Pojemność baku paliwa w mk7 kombi - Strona 2

  
Sortuj wg daty:
rosnąco malejąco
Ja w moim do 1 kreski zrobię nawet 300km. Tankujesz max na stacji pod sam koreczek + 5 litrów do bańki. Przyjeżdżam do domu i lejeczek i dolewam, w essim jest taki fajny brzęczek jak się dolewa tak na maxa pod domem. I spokojnie tak 5 wchodzi wiec +/- 100km zależy od stylu i jak jakimi drogami. W scenicu 1 i 2 też tak robiłem i robię Jak jadę w dalszą trasę ok 800-1000km.
  
 
Cytat:
2007-05-20 23:56:26, ensimek pisze:
hmm, no dalej bez odpowiedzi może zbyt skąplikowane pytanie zadałem więc: Czy ilość paliwa na jakie wskazuje licznik od 0 do połowy jest taka sama jak od połowy pod korek?

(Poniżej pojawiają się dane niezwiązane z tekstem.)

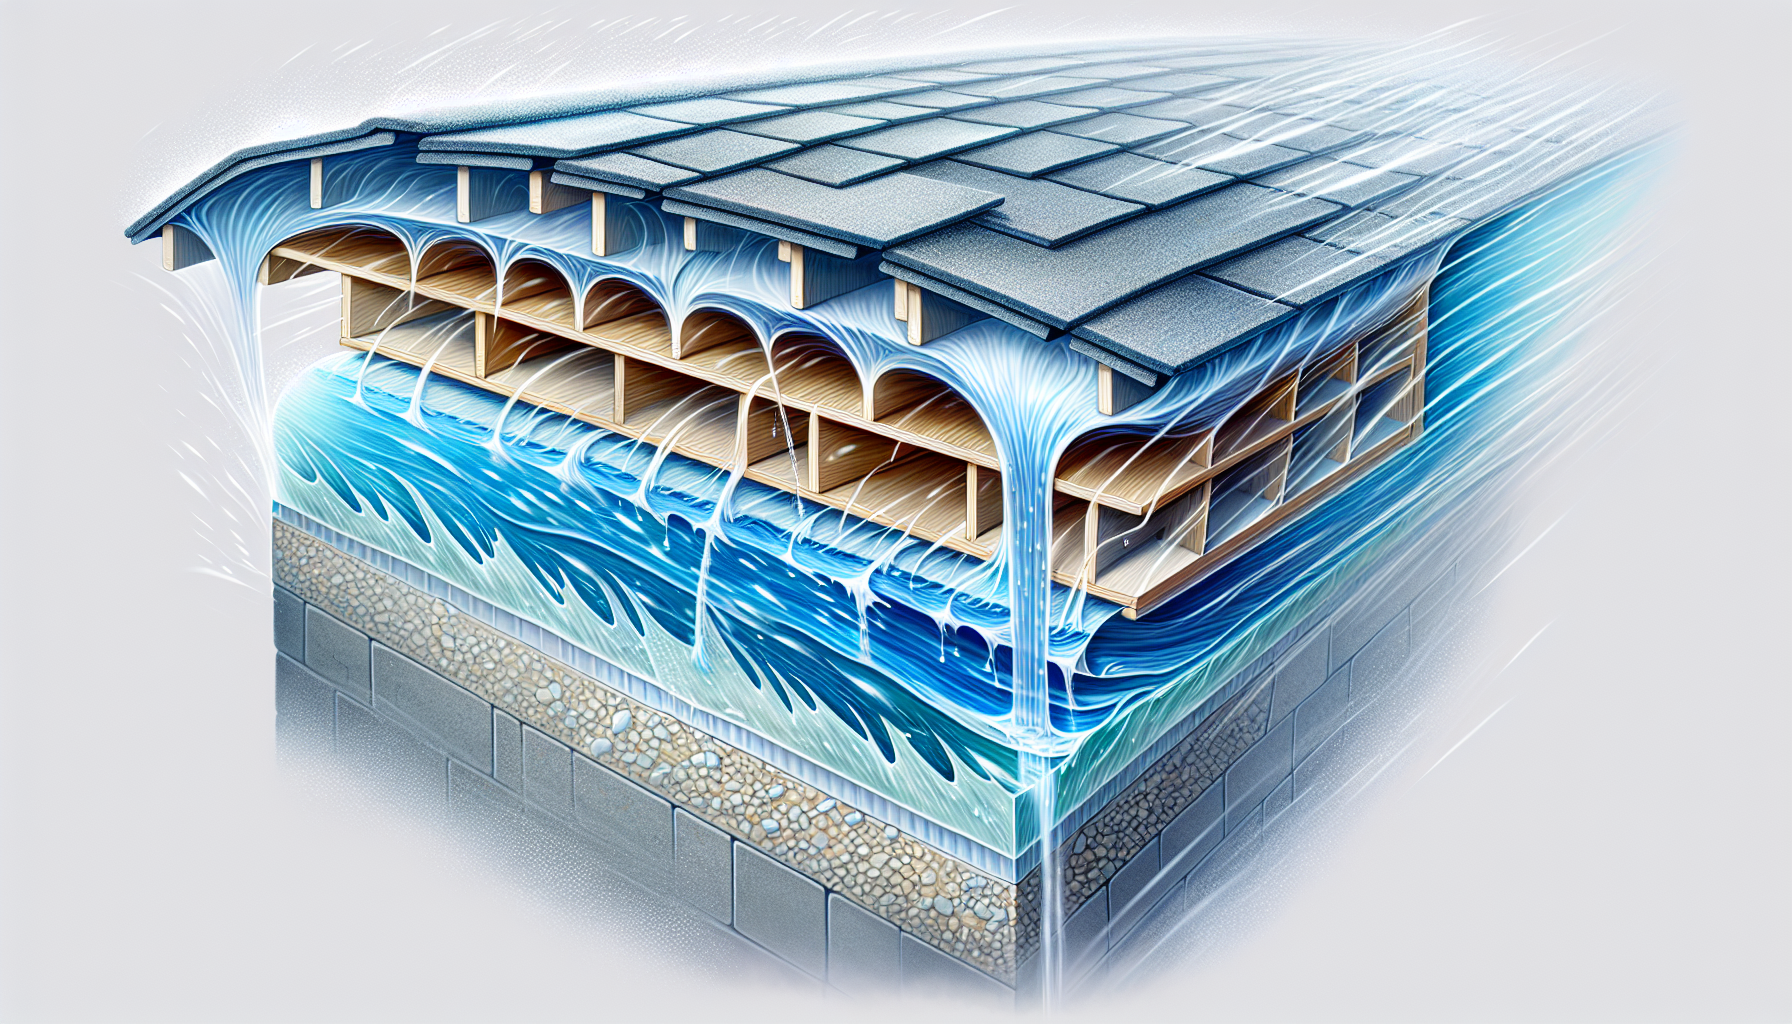 Illustration of roof protection from wind-driven rain

Hmmm... Problem czysto matematyczny. Przy założeniu że jedziesz tym samym stylem jazdy, a co za tym idzie zużycie paliwa jest stałe (nigdy nie jest), robiąc na połowie baku 240km tankujesz znów do pełna i dzielisz ilość paliwa przez 2,4 otrzymasz wynik że spalił ci powiedzmy 10/100 (teoretyczne 24 litry zatankowane od połowy do pełna podzielić na 2,4 daje nam wynik 10/100). Znając pojemność zbiornika (katalogowo 55 litrów) to przy zużyciu 10/100 na pełnym zbiorniku paliwa przejedziesz 550km. Jednak wskaźnik na desce pokazuje ilość paliwa bez tzw rezerwy czyli około 7-8 litrów. poniżej ostatniej kreski wskazówka praktycznie już nie opadnie więc można by przyjąć, że wskazanie połowy pojemności nie będzie dokładną połową ilości paliwa w zbiorniku, kolejny błąd wprowadzi właśnie ilość paliwa rezerwowego. Kolejny błąd wskazania wprowadzi sam sposób mierzenia ilości paliwa w zbiorniku. Jeśli jest to pomiar poziomu liniowy (raczej taki jest) to każda zmiana kształtu zbiornika spowoduje mniej liniowe opadanie wskazówki wraz z ubywaniem paliwa podczas jazdy. Nie było by tego problemu gdyby zbiornik miał bardzo regularny kształt (niestety takiego nie ma). W efekcie tego wskazówka opada dość szybko przy pełnym zbiorniku zwalnia im bliżej połowy a potem znów przyśpiesza opadanie żeby w końcu zatrzymać się na ostatniej kresce i długo tam stoi. Ten zakres skali widuję najczęściej u siebie .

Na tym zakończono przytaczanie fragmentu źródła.